Figure 6. — Inhibition of p53 and GADD45a blocked caspase-3 cleavage by chelidonine treatment in pancreatic cancer cells. After gene expression inhibition with (A) si-p53 or (B) si-GADD45a, the protein expressional changes were analyzed by western blotting on chelidonine (0 and 1 µM) treated BxPC-3 and MIA PaCa-2 cells for 48 hours. (C), (D) The band density was quantified and normalized to β-actin.

***P < .001 versus non-treated cells.

Discussion

Defective apoptotic pathway is one of the main causes allowing neoplastic cells to grow abnormally.³² Thus, induction of apoptosis is important to control cancer cell proliferation for cancer treatment.³³ Especially, as only 15% to 20% of pancreatic cancer patients have resectable disease, apoptosis inducing reagent is the most succeceful non-surgical treatment.^32,33 Therefore, we evaluated the intercellular mechanism of chelidonine-induced apoptosis in BxPC-3 cells and MIA PaCa-2 cells.
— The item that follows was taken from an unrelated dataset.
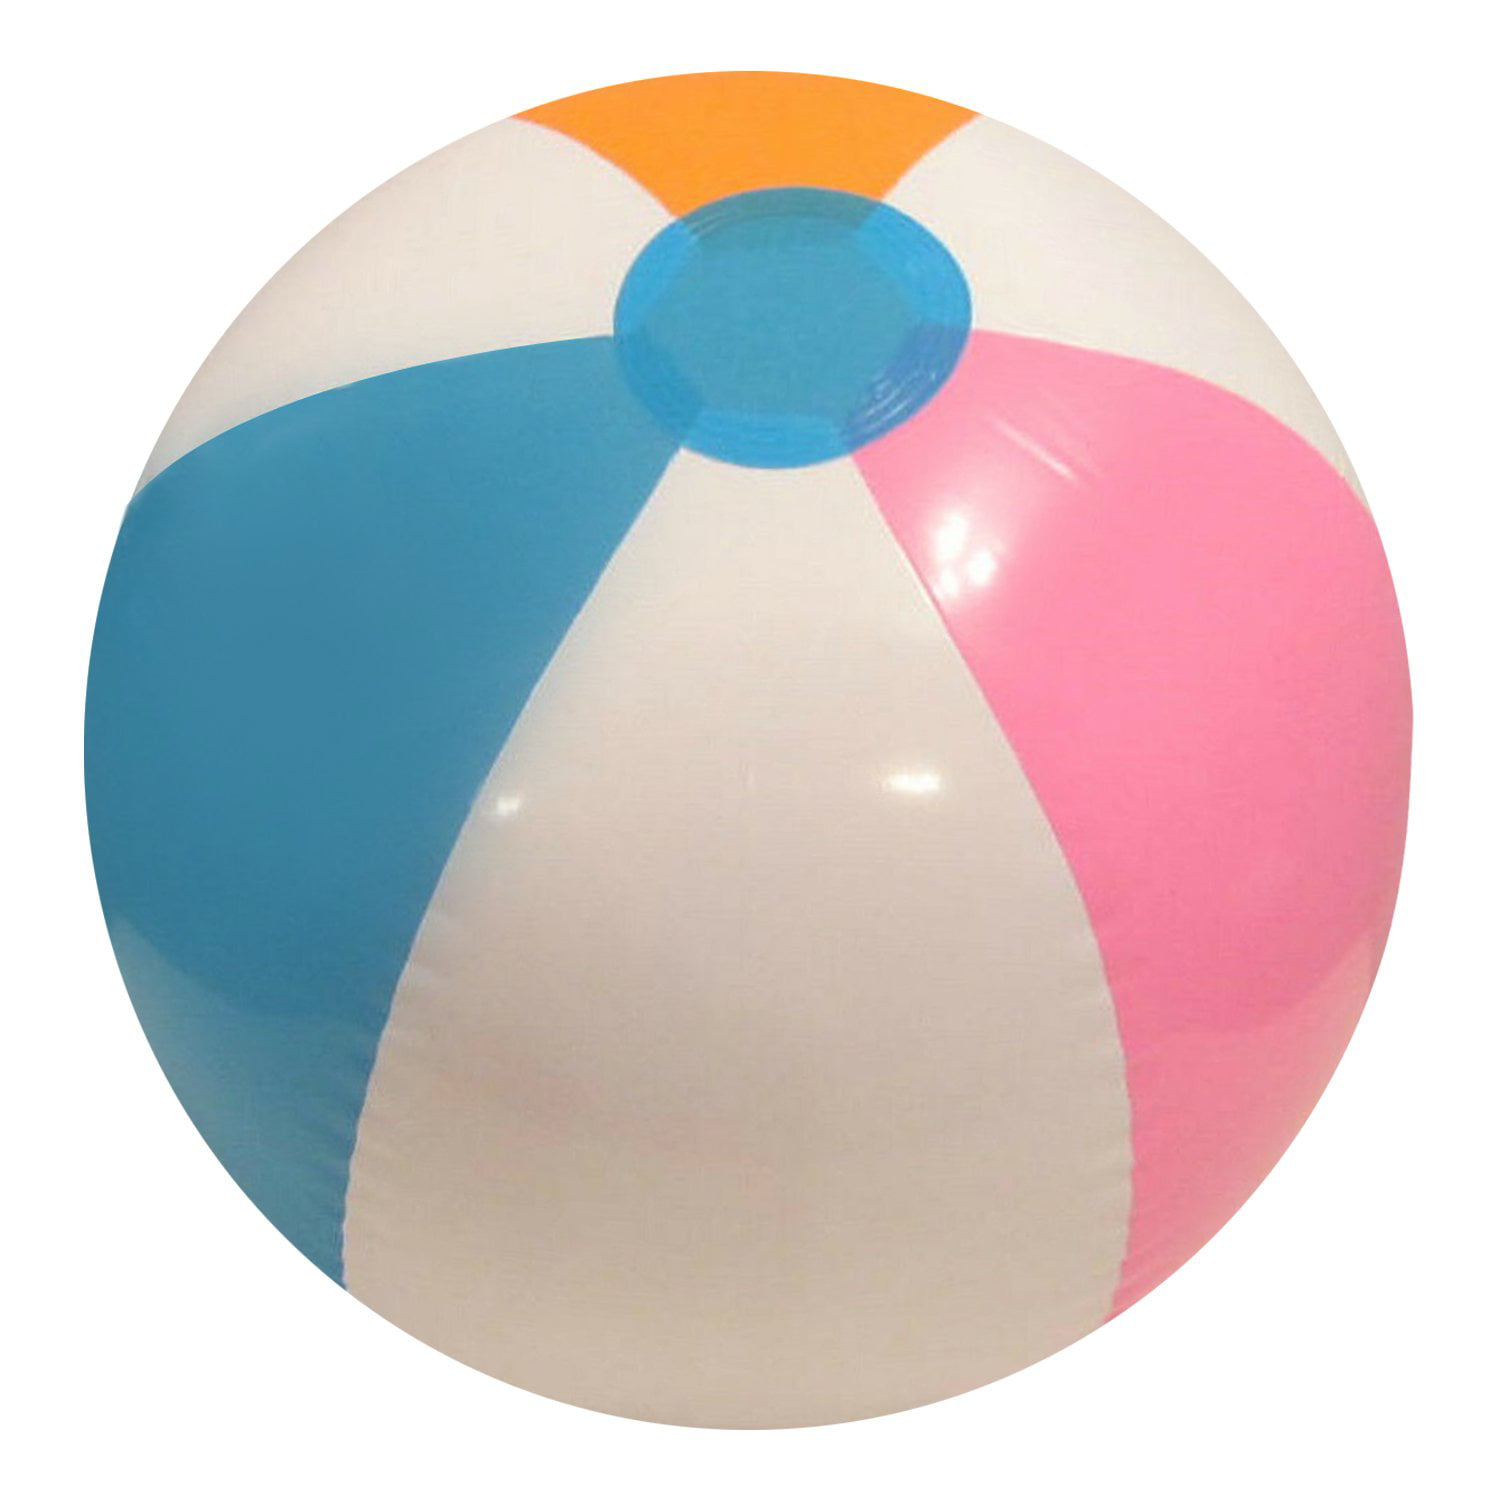 Details about   Intex Glossy Panel Beach Ball 20 Inch Inflatable 3 Pack Beach Summer Fun

In this study, we found that chelidonine inhibited the proliferation of BxPC-3 and MIA PaCa-2 human pancreatic cancer cells in a dose- and time-dependent manner, confirming its apoptotic potential. In addition, flow cytometry analysis revealed that over 50% of BxPC-3 and MIA PaCa-2 cells exhibit early- and late-phase apoptosis after exposure to chelidonine (1 µM) for 24 h (Figure 2). Moreover, through RNA-sequencing analysis, changes over 3-fold in the expression levels of CDK and GADD45A genes were observed in both BxPC-3 and MIA PaCa-2 cells (Figure 3). These changes in expression levels following chelidonine treatment were re-confirmed through the analysis of transcription factor activity in both pancreatic cancer cell lines. During the first 48 h, chelidonine treatment increased the activation of p53 transcription factor in both BxPC-3 and MIA PaCa-2 cells (Figure 4). In addition, the mechanisms of action of chelidonine were determined by western blotting. The chelidonine treatment induced p21, p53 and GADD45a expression, as well as caspase-3 cleavage (Figure 5). Finally, anti-cancer effect of chelidonine mediated by p53 and GADD45a was re-confirmed by loss of function study using siRNA against p53 and GADD45a (Figure 6). As p53 and GADD45a play a role in cell cycle arrest and cell death, downregulation of those genes triggered cells to have anti-apoptotic and chemoresistance-related characteristics.³⁴ The reduced apoptosis vulnerability by p53 and GADD45a blocking may decrease caspase-3 expression.

CDKN1A encodes the p21 protein.^6,8 The p21 protein inhibits cyclin-dependent kinase 2 (CDK2) and proliferating cell nuclear antigen (PCNA), and is implicated in p53-dependent G1/S cell cycle arrest.⁶ Subsequently, CDK1 regulates G2/M arrest.^35,36 In the present study, chelidonine treatment resulted in increased CDKN1A and GADD45A gene expression levels, while CDK1 gene levels were decreased (Figure 3A and 3B).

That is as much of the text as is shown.